Forrest Gump was right when he said LIFE ISN’T FAIR.

We are all randomly buffeted by large, frequent, and difficult shocks and changes. During these tough times, some sink, sometimes to unbearable chronic stress, anxiety disorders, depression and burnout. Others swim, survive. But we can all build or boost our resilience — that positive quality that helps us cope with disappointments, stress, adversity, change, and helps us to bounce back.
Renowned Buddhist teacher Pema Chödrön once received this advice from her mentor: Trungpa Rinpoche:

“Well, it’s a lot like walking into the ocean, and a big wave comes and knocks you over. And you find yourself lying on the bottom with sand in your nose and in your mouth. And you are lying there, and you have a choice. You can either lie there, or you can stand up and start to keep walking out to sea”.
“So the waves keep coming,” he said. “And you keep cultivating your courage and bravery and sense of humor to relate to this situation of the waves, and you keep getting up and going forward”.
(1)

The underlying belief governing my approach to resilience is: Sustaining our individual wholeness and allowing ourselves to flourish, whatever the circumstances, is essential to living a good life. Only if we are integrated (whole) and not fragmented will we find purpose and meaning. This requires that we feed (maintain and nourish) our inner and outer lives – through reflection and relationships. And through a resilience-capacity that keeps things together and healthy. Resilience, reflection and relating are interconnected. They work together to enhance our physical, intellectual, emotional, social and spiritual health.

Now, I can offer you a self – report assessment tool designed to gauge your strengths and improvement opportunities.

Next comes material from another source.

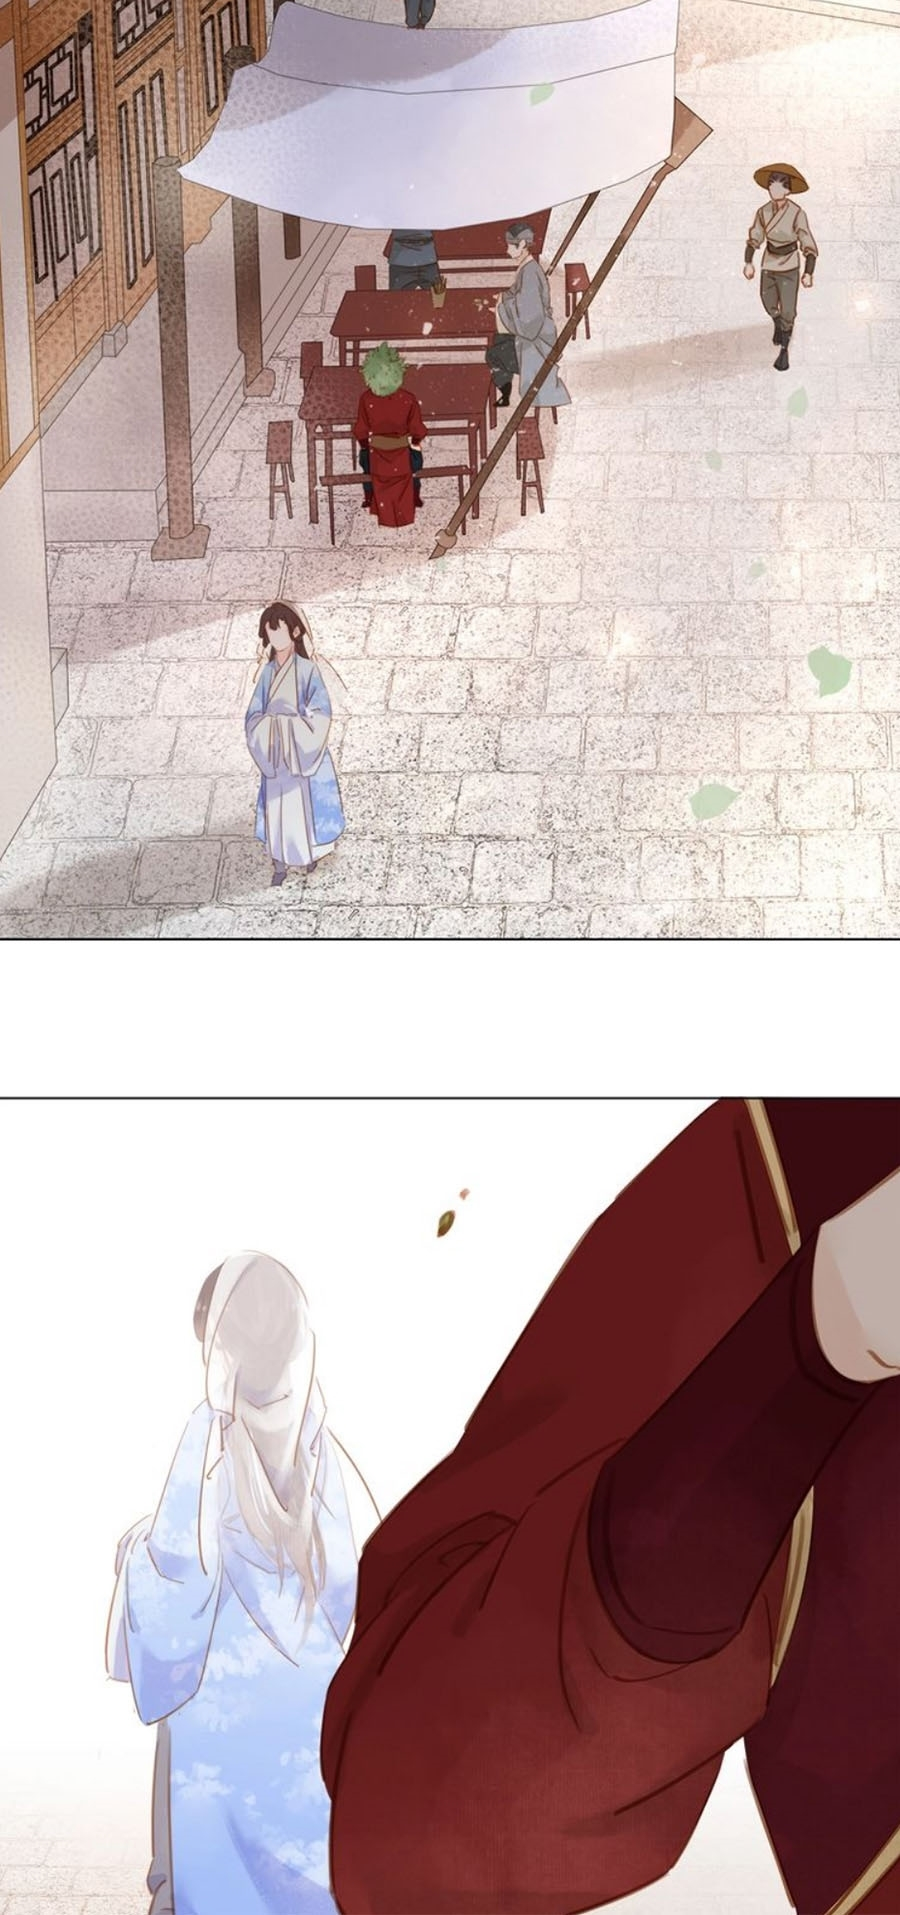 Tiểu sư phụ, tóc giả của ngài rơi rồi! chap 11 - Trang 17

It is based on a behaviour modification model developed and refined by South African psychologists Dr Allen Zimbler and Dr Caryn Solomons. Initial theoretical work was by psychologist Suzanne Kobasa. (2) It takes only a few minutes to complete, and provides you with an assessment of how well you respond to the challenge of change and adversity, how comfortable you are during the process, and how much self – control you exercise. And most importantly, a report on how best you can make the improvements indicated in your assessment.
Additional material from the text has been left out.